Anne van der Does, post doc bij de afdeling Longziekten van het LUMC, heeft enkele jaren geleden al laten zien dat dit mede te maken heeft met de veranderende samenstelling van het epitheel bij chronische longziekten. “Veel patiënten met chronische longziekten krijgen in de loop der tijd meer slijmproducerende cellen en minder trilhaarcellen. Hierdoor blijft er veel meer slijm achter, wat kan leiden tot flinke hoestaanvallen bij dergelijke patiënten. Bijkomend effect van die veranderingen is dat er ook andere hoeveelheden antimicrobiële peptiden worden geproduceerd, wat een reden zou kunnen zijn waarom de patiënten gevoeliger zijn voor infecties.” Die gevoeligheid voor infecties zou ook kunnen samenhangen met een veranderende samenstelling van het microbioom, dat net als in de darmen ook in de longen aanwezig is, maar dan wel in veel lagere concentraties. Zo laag, dat het nog maar de vraag is of er in de longen een structurele rol voor het microbioom is weggelegd. Het zou ook kunnen dat de aanwezigheid hiervan vooral een consequentie is van het in- en uitademen van de bacteriën. “Je ziet echter wel vaak bij patiënten met longziekten dat de klaring van bacteriën en virussen niet goed werkt, en er daardoor meer achterblijft, meer kan uitgroeien en er ook veranderingen kunnen plaatsvinden in het microbioom.

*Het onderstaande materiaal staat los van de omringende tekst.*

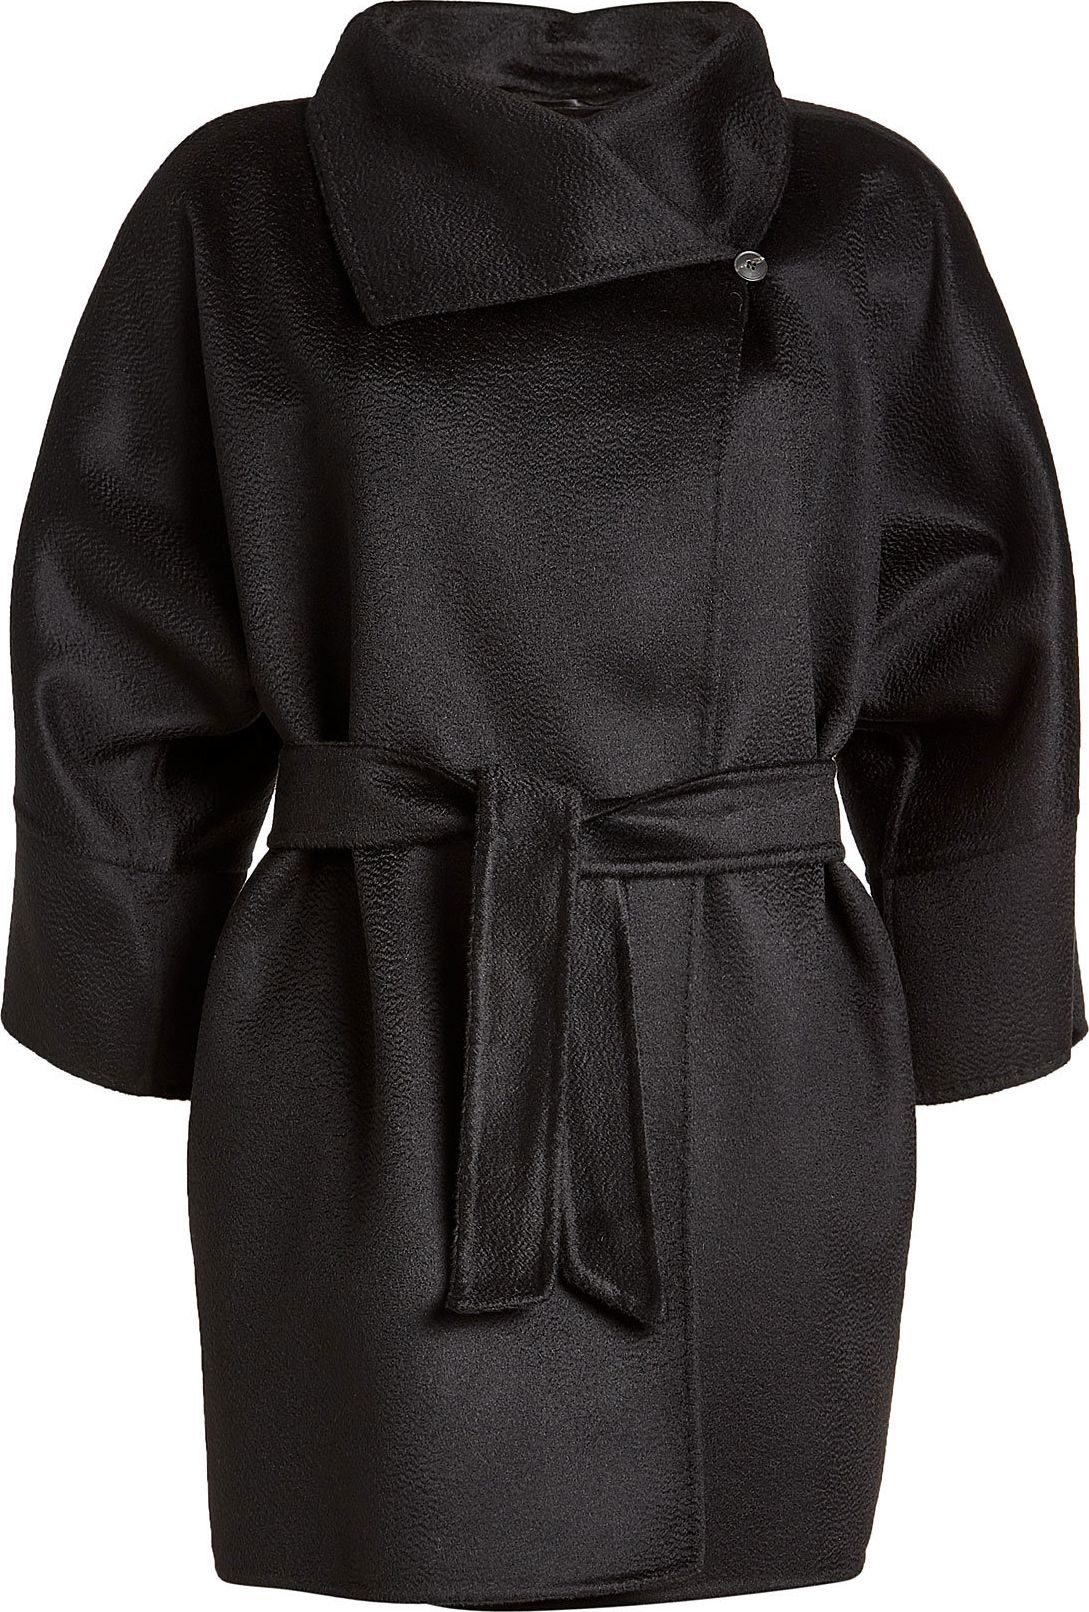 Max Mara - Belted Wool Jacket

Dat werpt weer nieuwe vragen op: Wat betekenen deze veranderingen? Welke verschillen zijn er te vinden in de samenstelling van het microbioom in rustfase (dus als er geen infectie is) en tijdens een infectie? Kan je bepaalde bacteriën beter onder controle houden, of gaat dat juist slechter als je een longziekte hebt? En wat zijn dan de gevolgen van die veranderingen voor het verloop van de ziekte? Worden microbioomveranderingen gedreven door de chronische ziekte, of beïnvloedt juist de veranderde samenstelling van het microbioom de gastheer, die daar weer anders op gaat reageren?”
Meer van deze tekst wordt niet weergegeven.